Year 6 is an educational year group in schools in many countries including the United Kingdom, Australia and New Zealand. It is usually the sixth year of compulsory education and incorporates students aged between ten and eleven however some children who are in Year 6 can be considered as grade 4 in some countries but if the child who was born after September 2nd and grade 4, they will be replaced as Year 5.

Australia
In Australia, Year 6 is usually the seventh year of compulsory education. Although there are slight variations between the states, most children in Year Six are aged between eleven and twelve.

New Zealand
In New Zealand, Year 6 is the sixth year of compulsory education. Children entering this year group are generally aged between 9.5 and 11.
 Year 6 pupils are usually educated in primary schools or in area schools. For contributing primary schools, this is the last year, with students moving onto intermediate schools or combined intermediate and secondary schools, while full primary schools continue to Year 8.

United Kingdom

England
In schools in England Year 6 is the sixth year after Reception. It is the sixth full year of compulsory education, with children being admitted who are aged 10 before 1 September in any given academic year. It is also the final year of Key Stage 2 in which the National Curriculum is taught. It is also the year in which all students in maintained schools undertake National Curriculum tests (known as SATs) in the core subjects of English and Mathematics.

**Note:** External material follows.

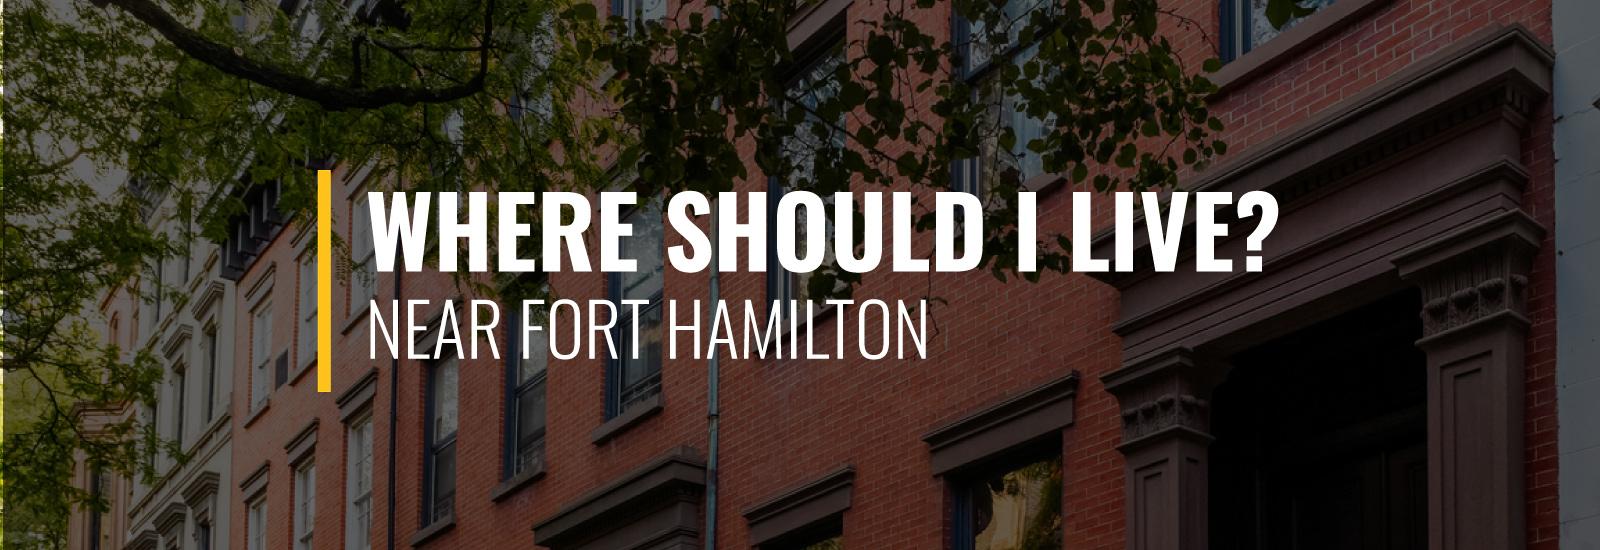 Where Should I Live Near Fort Hamilton?

Year 6 is usually the final year of Primary or Junior School. In some areas of England, Year 6 is a year group in Middle school, which covers the year 5–8 or 4–7-year groups.

In some parts of England, where there remain separate Grammar and Secondary modern schools, students in Year 6 may sit a test for entrance into a Grammar school. The test is known colloquially as the Eleven plus exam.

Wales
In schools in Wales Year 6 is the sixth year after Reception. It is currently the sixth full year of compulsory education, with children being admitted who are aged 10 before 1 September in any given academic year. It is the final year group in Key Stage 2.

Northern Ireland and Scotland

In Northern Ireland and Scotland, the sixth year of compulsory education is called Primary 6, and pupils generally start at the age of 9 or 10.